How to Launch a Fashion Brand with 4 Weeks and No Website

Project Info
Meg Ferguson got on Project Runway. Great news, except the show was premiering in four weeks and she had no way to sell her clothes online.
The Atelier Co. made beautiful, sustainable fashion for people who wanted clothes that actually fit their bodies and values. But everything was in-person, small batch, made-to-order. Now she needed to handle potential national TV traffic without compromising what made her brand special.
The Challenge:
Build an e-commerce system that could handle TV traffic spikes while staying true to sustainable, small-batch production.

Services we provided
Timeframe:
1 month
The Results
The launch worked better than expected. Traffic from the show didn't crash anything, email signups converted to sales, and the limited-drop model created anticipation rather than frustration.
More importantly, six months later Atelier Co. was still growing using the same approach. The "constraint" of sustainable production had become their competitive advantage.

Project Strategy
Instead of rushing to build a complete e-commerce platform, we treated the Project Runway opportunity as a validation experiment with three key strategic decisions:
- Validate Interest Before Building Infrastructure
Rather than assuming TV exposure would convert to sales, we started with a simple landing page to capture genuine interest. This let us build an audience while developing the actual shopping experience. - Embrace Production Constraints as Brand Differentiators
Instead of hiding the realities of sustainable, made-to-order production, we positioned limited availability as premium positioning. This aligned business operations with brand values. - Design for Consideration, Not Impulse
We built for customers who research before buying, not impulse shoppers. This meant prioritizing storytelling and education over typical e-commerce conversion tactics.
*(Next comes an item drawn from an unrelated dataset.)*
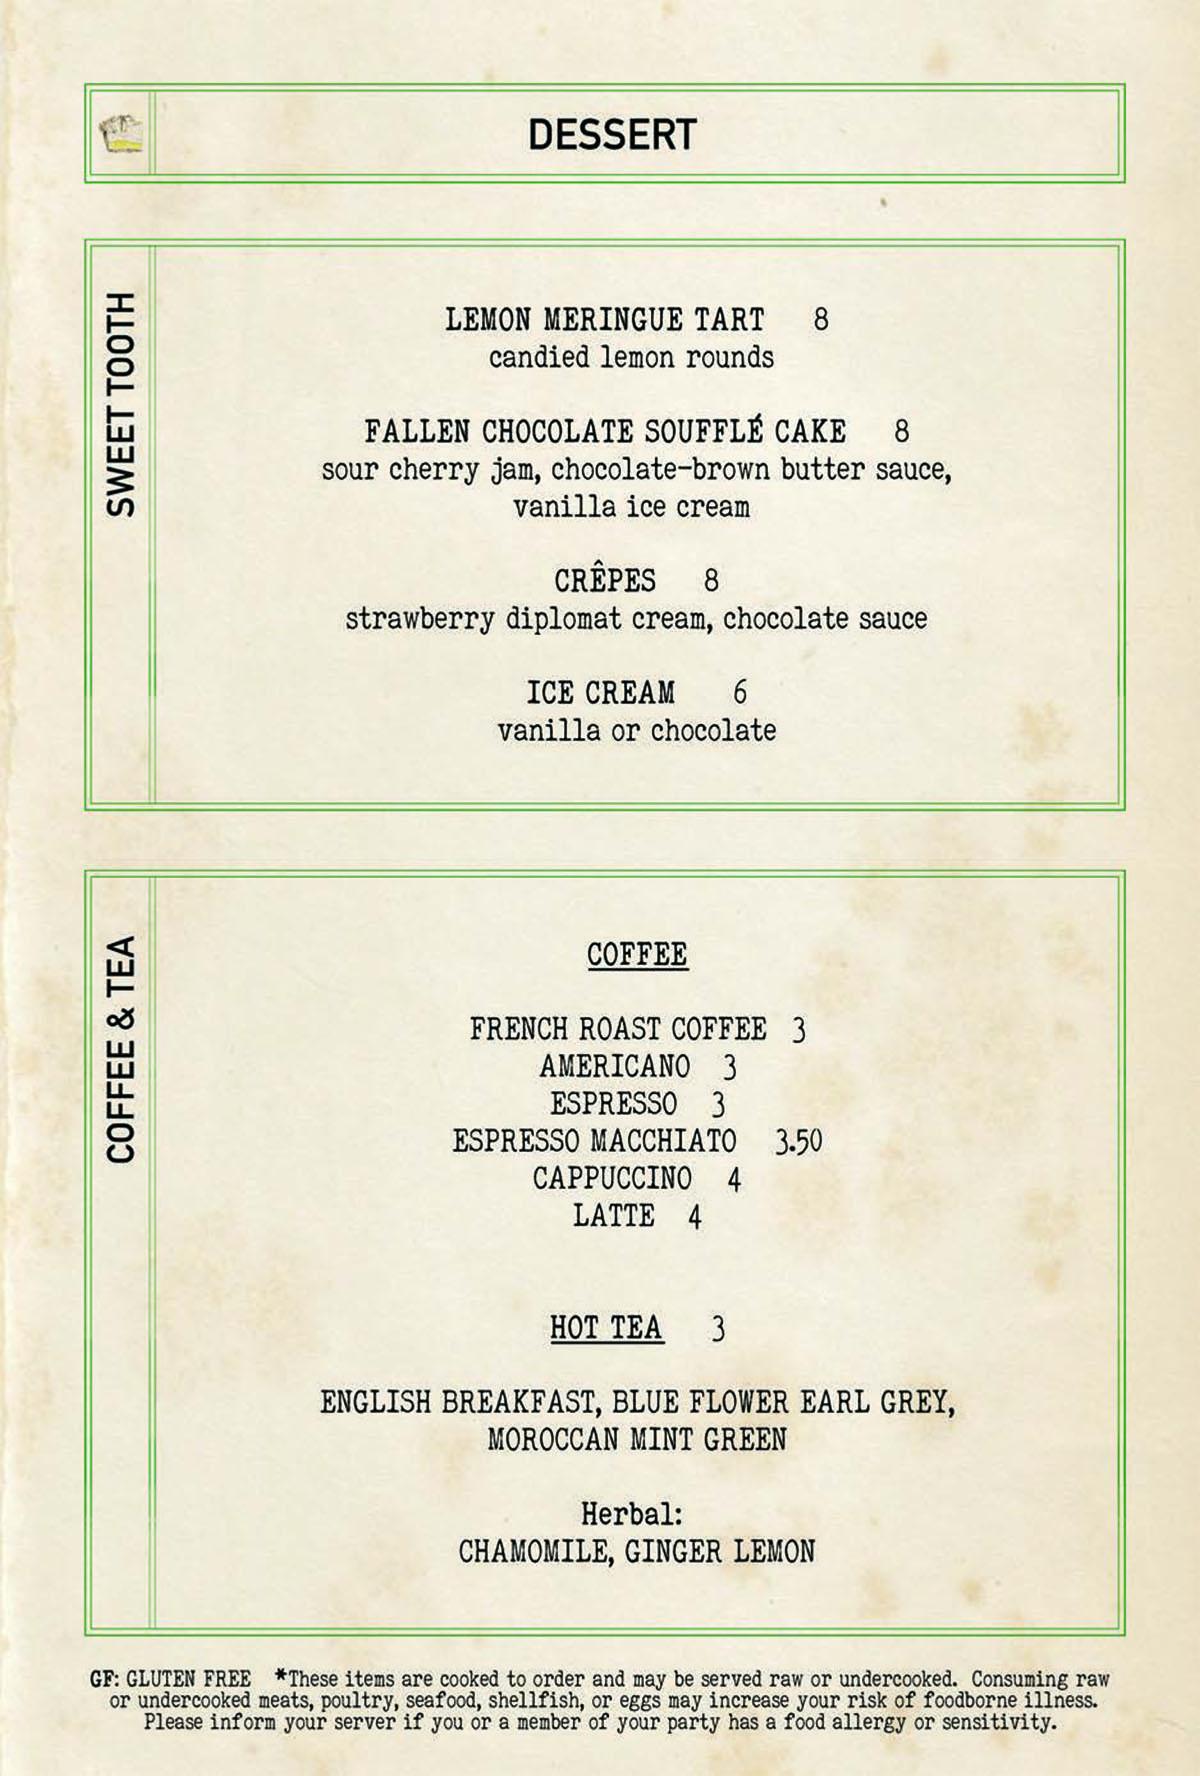 Bar Mercato dessert menu 1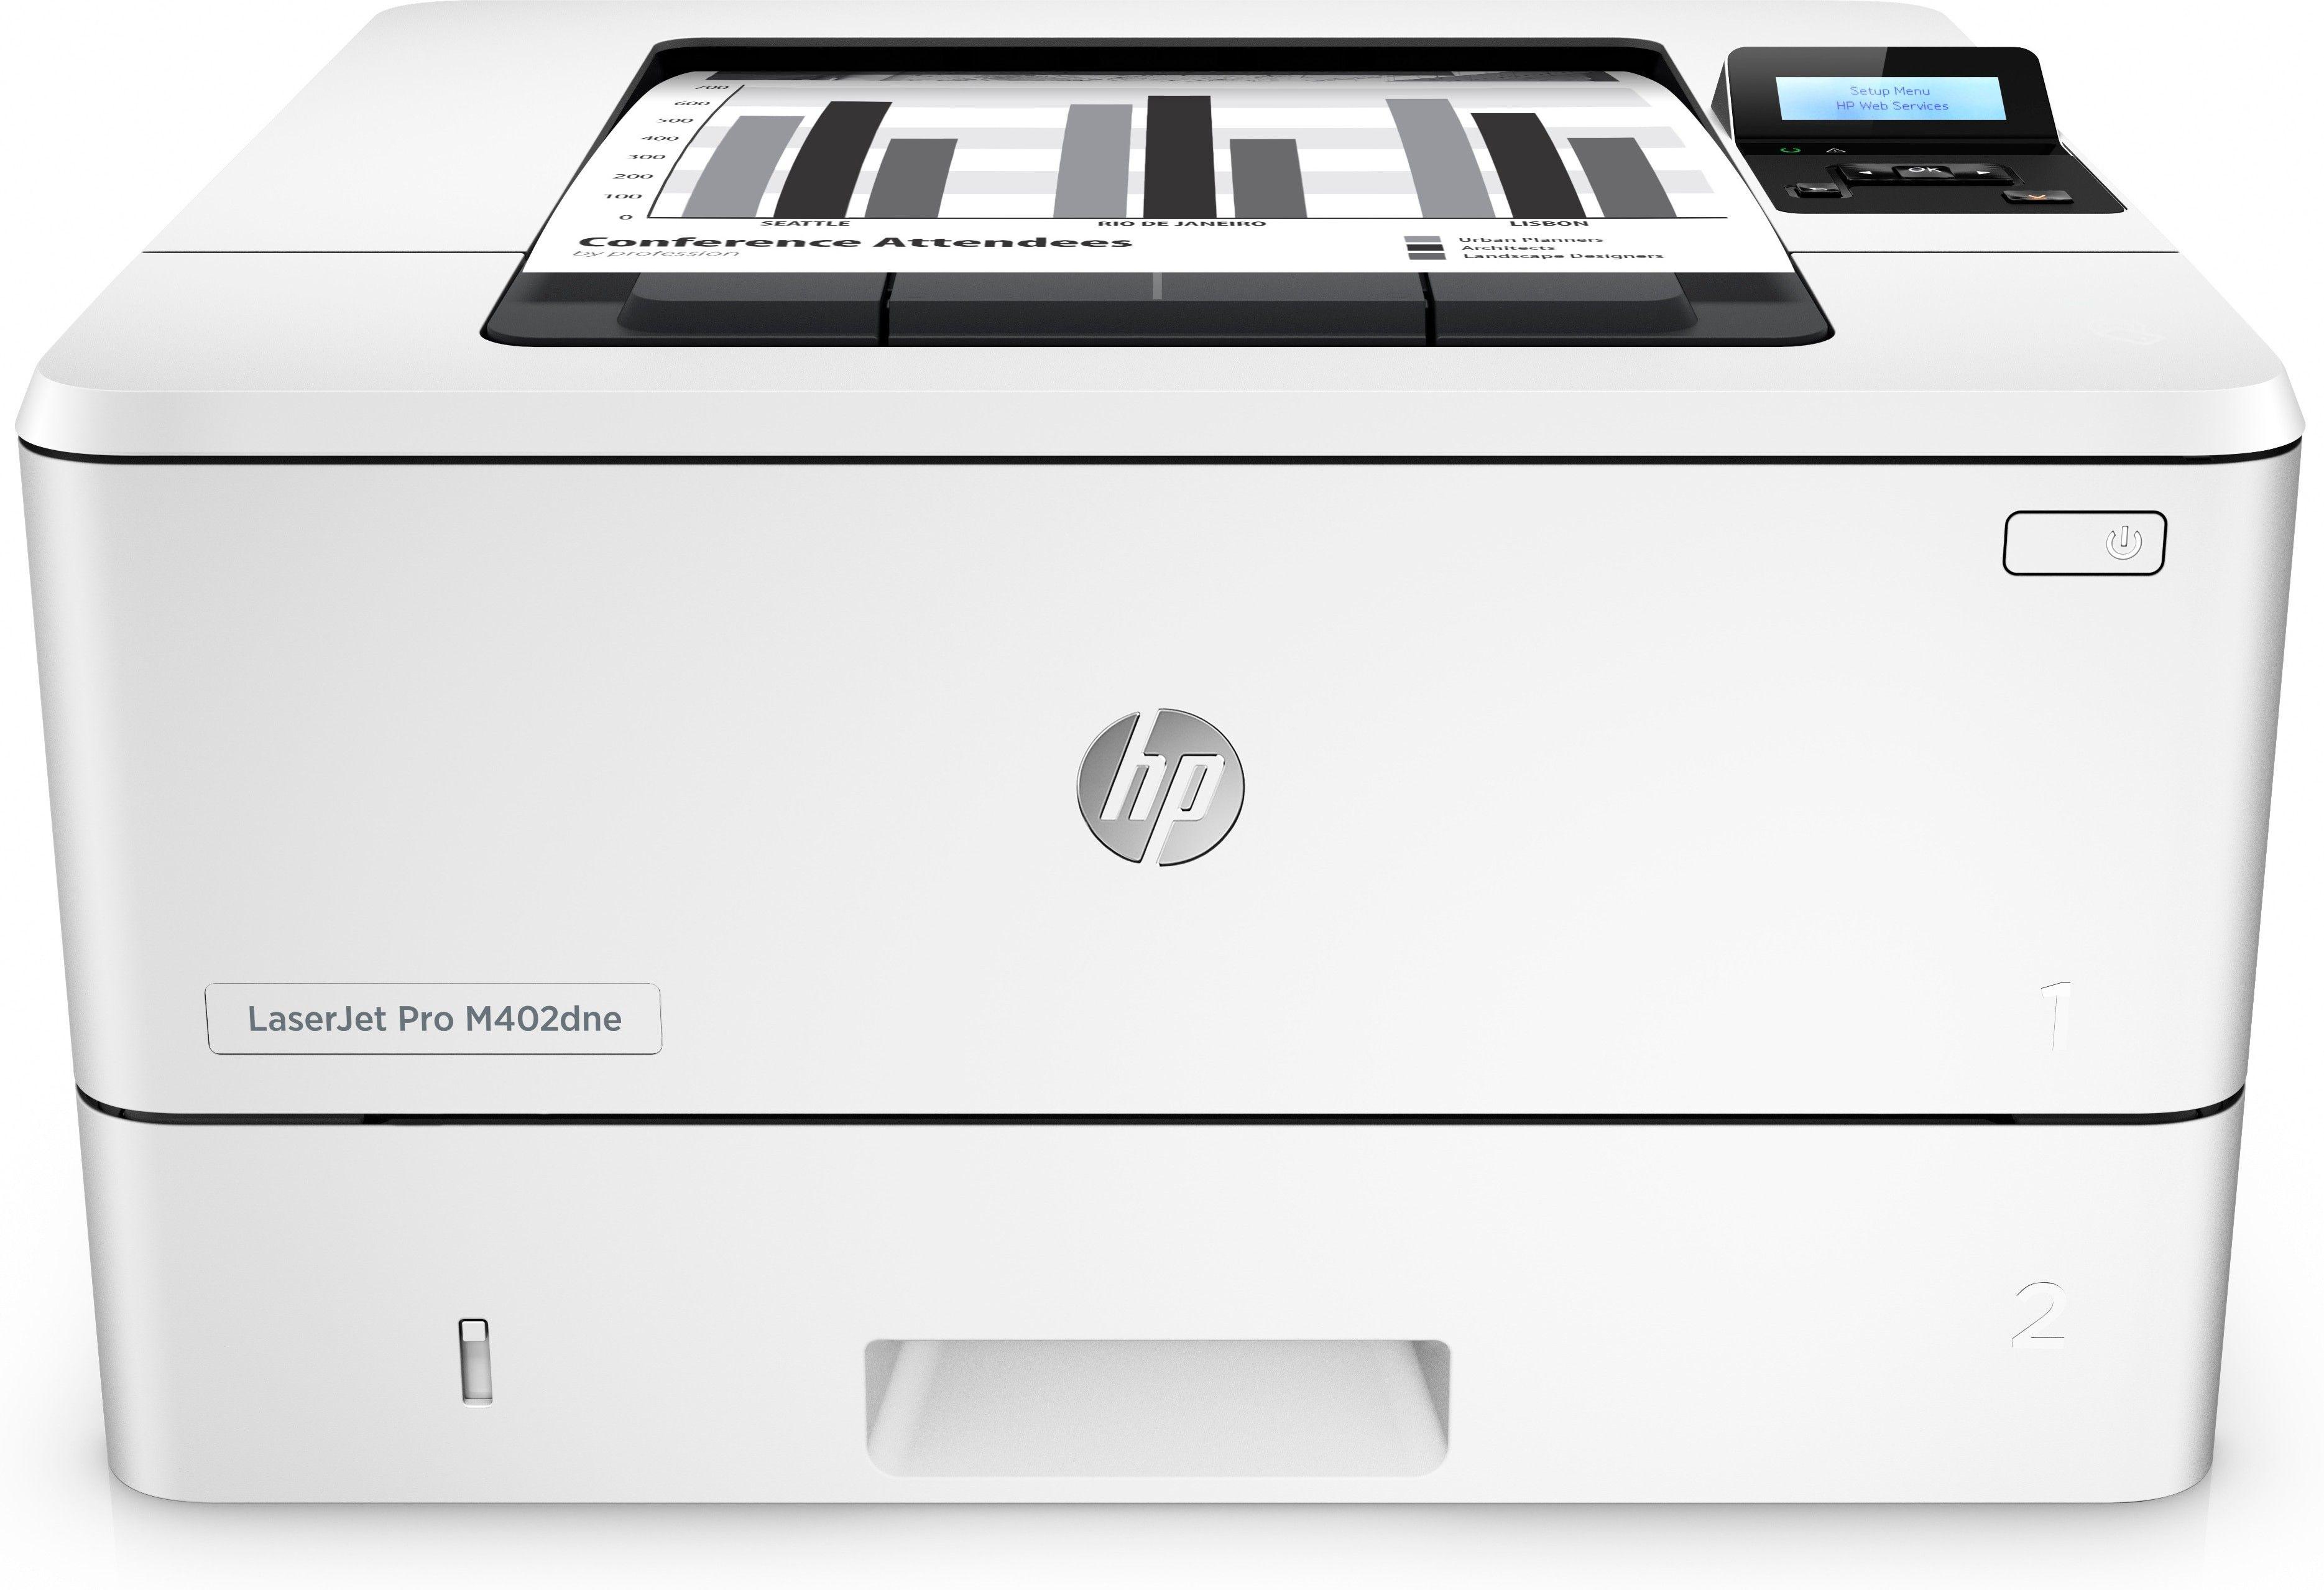 Hp Laserjet Pro M402dne 1200 X 1200dpi A4 199 00 Printers Hp Free Delivery All Over Cyprus Follow Us Laser Printer Black And White Printer Printer

Week 1: Capture the Interest
Instead of rushing to build a full e-commerce site, we started with a simple landing page and email signup. The logic was straightforward: if someone's interested enough to visit after seeing you on TV, they'll give you their email to hear when you're ready to sell.
We used Meg's existing photos and brand voice to create something that felt like Atelier Co., not a generic "coming soon" page.

Week 2-3: Build the Shop
While collecting emails, we built the actual store. The key insight: Atelier Co. wasn't Amazon. People weren't buying on impulse - they were making considered purchases from a brand they believed in.
So we designed for that reality:
- Clear story about sustainable production
- Easy way for Meg's team to create and manage collections
- Simple ordering process that felt personal, not transactional
- Mobile-first because that's where fashion shoppers actually browse

Week 4: Launch
As the Project Runway episode aired, we swapped the landing page for the full store and sent an email to everyone who'd signed up. No dramatic countdown timers or fake urgency, just "we're ready when you are."

Client's Feedback
Wabbit did such amazing job getting my store set up, and their marketing guidance is utterly game-changing! I'm stunned at how many sales come through our site.
The Real Lesson
Most e-commerce advice assumes you're selling widgets that you can manufacture endlessly. But if you're making something meaningful — whether that's sustainable fashion, handcrafted products, or indie games - those assumptions don't apply.
The solution isn't to fake being a big company. It's to be honest about your constraints and turn them into reasons people want to buy from you instead of Amazon.
Atelier Co. proved you don't need to choose between your values and your growth. You just need systems that align with both.